Hypothermia can be prevented by dressing appropriately for the weather conditions. Layering will be your best possible choice; maintaining a warm base layer and bringing a variety of layers allows you to customize what you need at any given moment. Good ideas include a windbreaker, down jacket, a variety of hats and gloves, face masks, and snow pants.
Bringing too many layers is far preferable to bringing too few. Dragging an extra few pounds in your sled because you didn’t need your heaviest down layer will always be better than risking hypothermia on the trail.
Take note: Just as under-dressing can expose you unduly to the cold, over-dressing and working up a sweat can also contribute to the possibility of hypothermia. If you become too warm, either through over-dressing or over-exertion (or both), it’s a good idea to remove layers incrementally and keep them handy. Once you cool down and your sweat begins to dry, you’ll likely become very cold, very quickly. Be prepared to layer back up.
This balance of layers and effort is a personal one, and participants should always experiment before race day.
Of the three issues listed here, hypothermia is the most frightening. It’s why gear requirements for winter ultras are stringent, and it’s why you must know how to use your safety equipment. Having an insufficient bivy setup will expose you to the elements and leave you vulnerable. It isn’t worth the risk.
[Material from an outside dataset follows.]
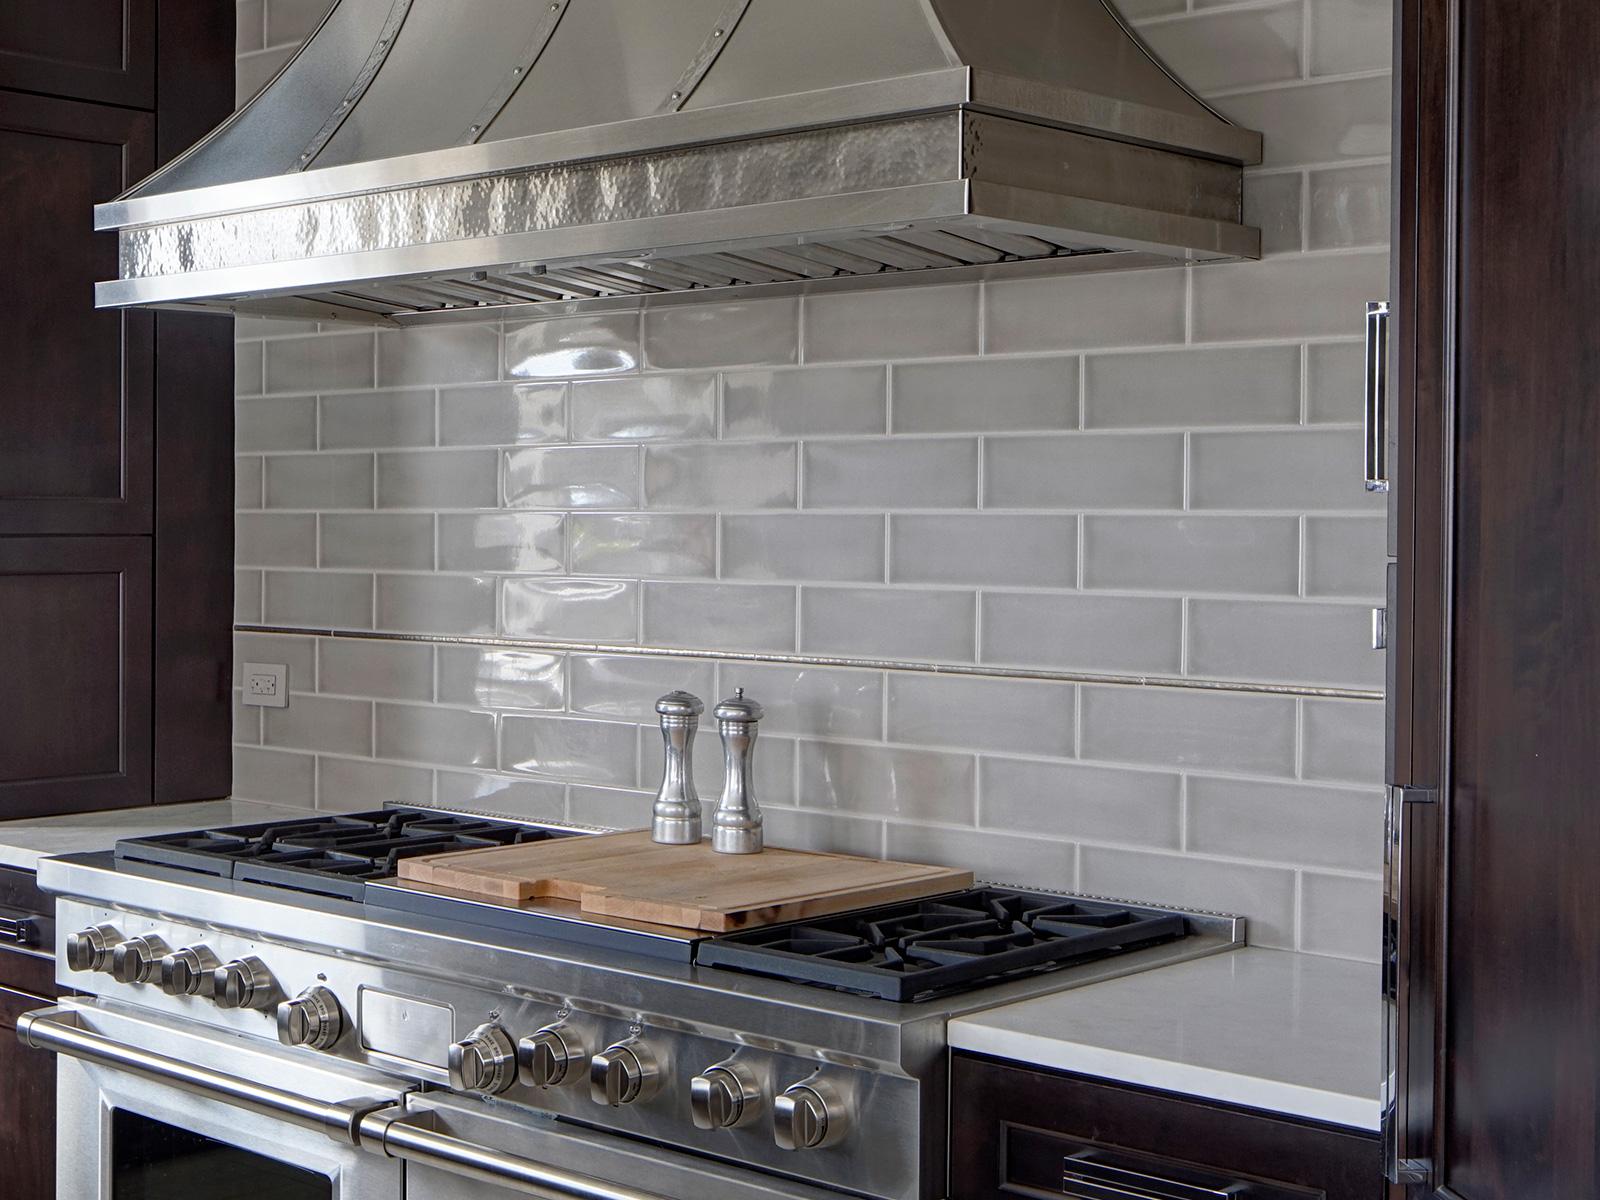 Bronzework Studio Gail Drury Design Basic Liner metal accent tile installation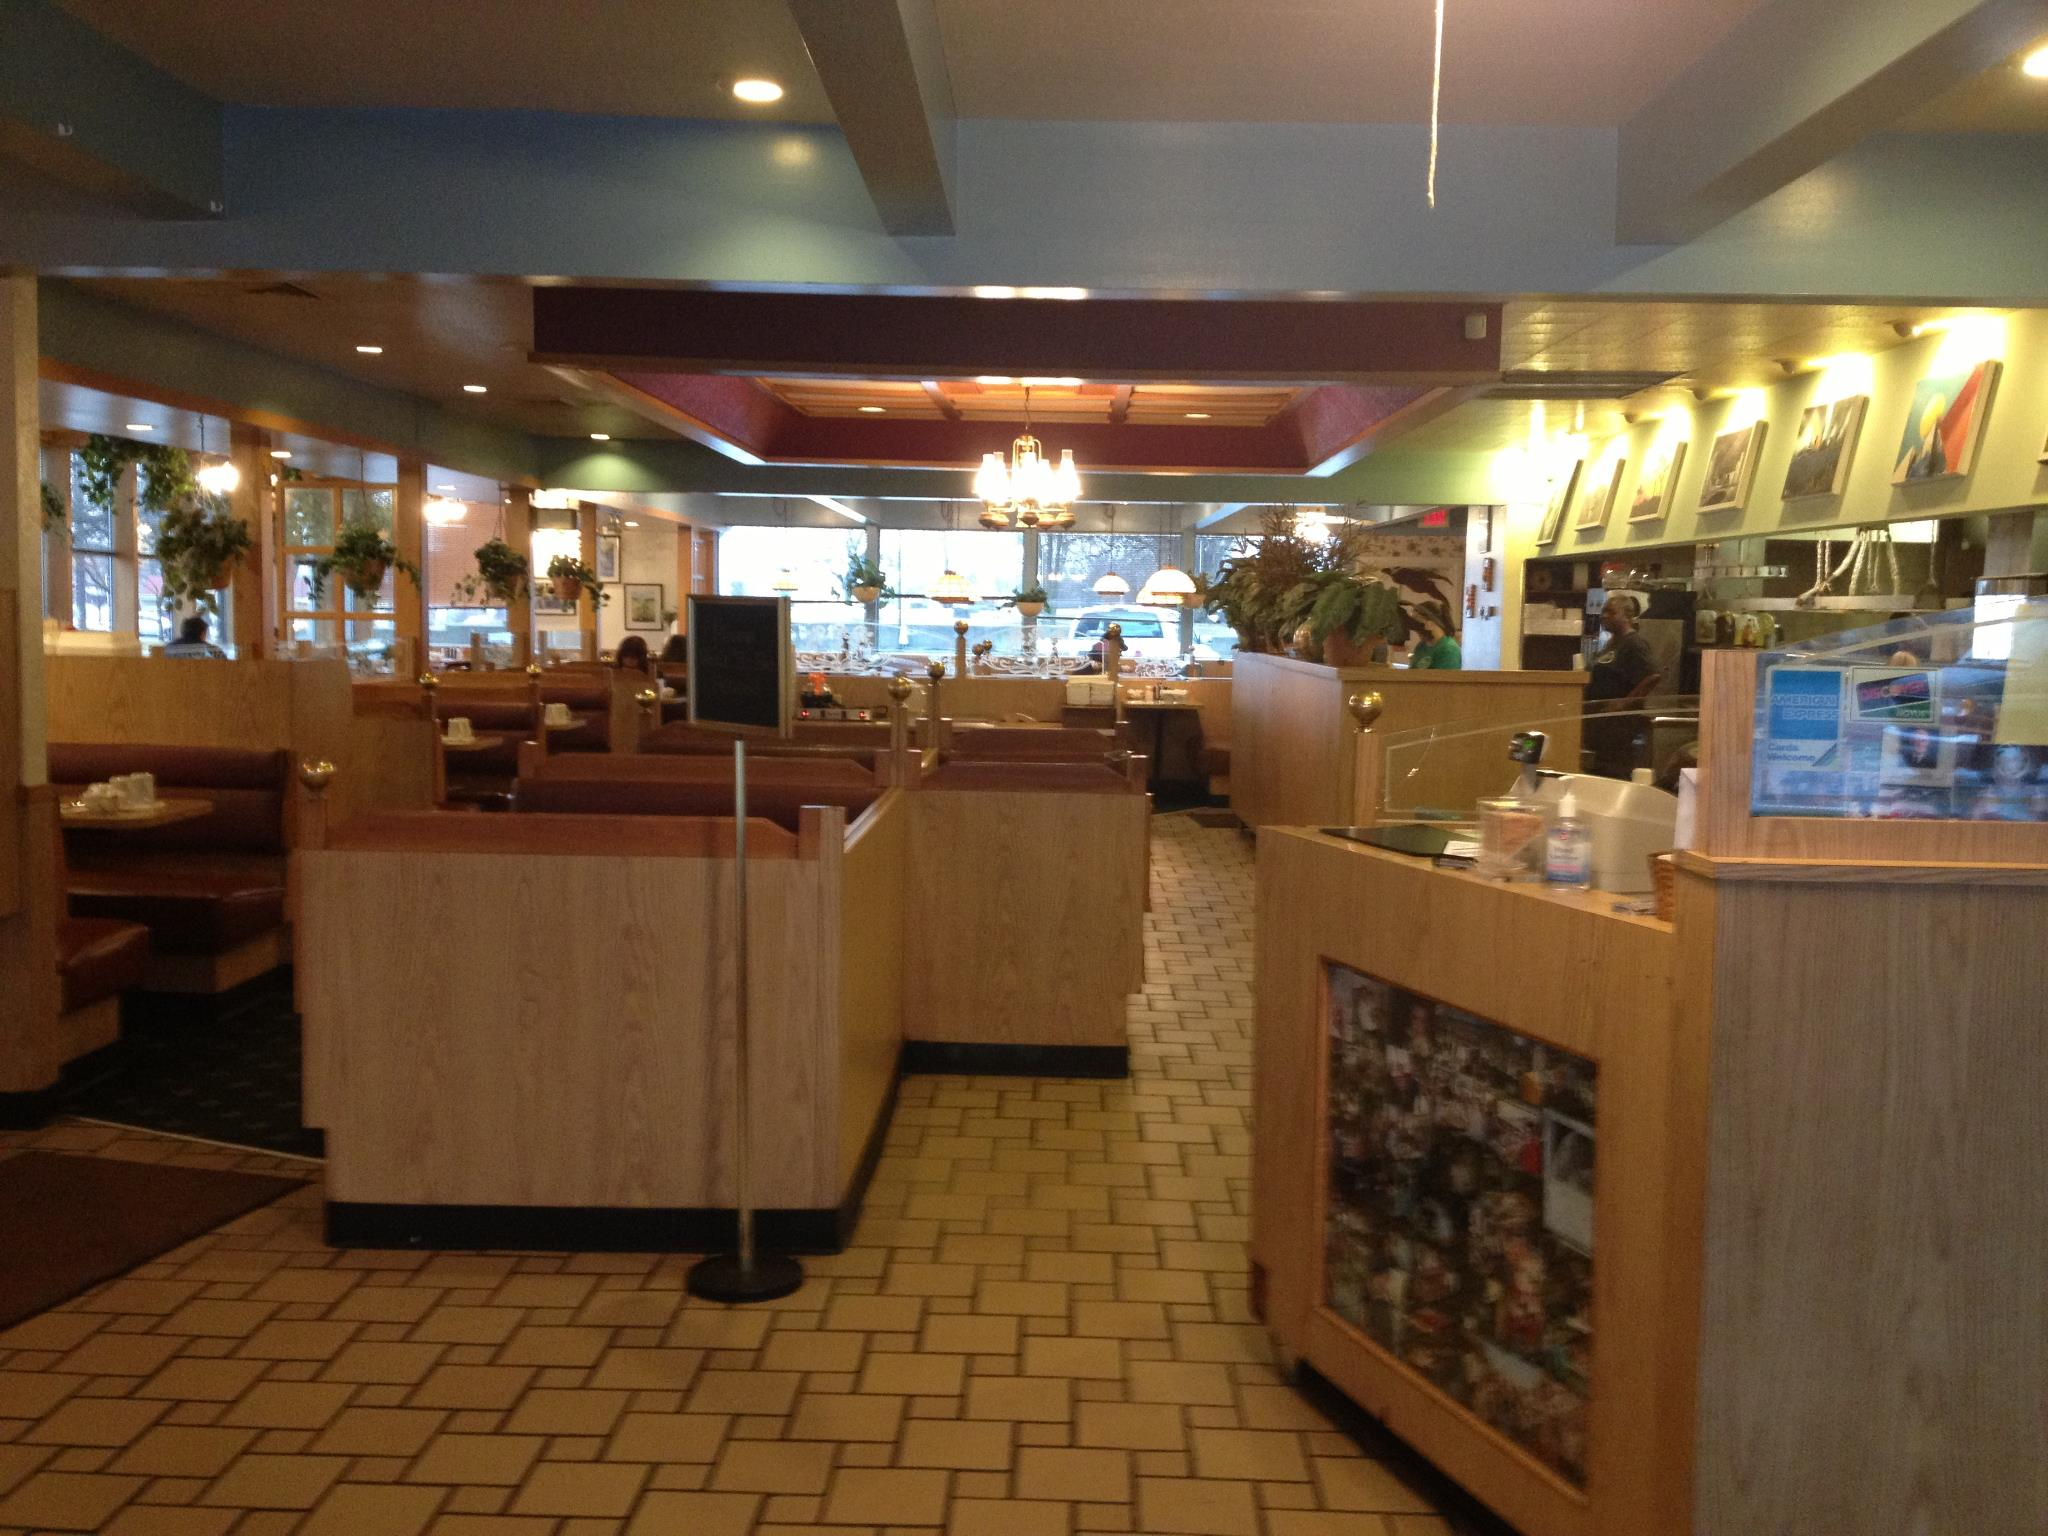 Aurora illinois area convention and visitors bureau visit eat nikarrys restaurant kristyandbryce Gallery

As you consider stepping into longer, more challenging efforts, please take these safety risks seriously. The 2018 Yukon Arctic Ultra had two participants suffer amputations due to frostbite. The 2018 Iditarod Trail Invitational nearly lost a participant to hypothermia. Winter ultras are survivalist races and deserve the utmost respect for their difficulty.
Watch out for your fellow competitors. Pay attention, talk to them. If someone is behaving oddly, travel with them or seek help.
At gear check, you may be asked a question or two from this information. A packet of this information will be kept at the Trail Center, and if you’re unable to answer the general questions asked, you will need to look over the packet before being allowed to participate.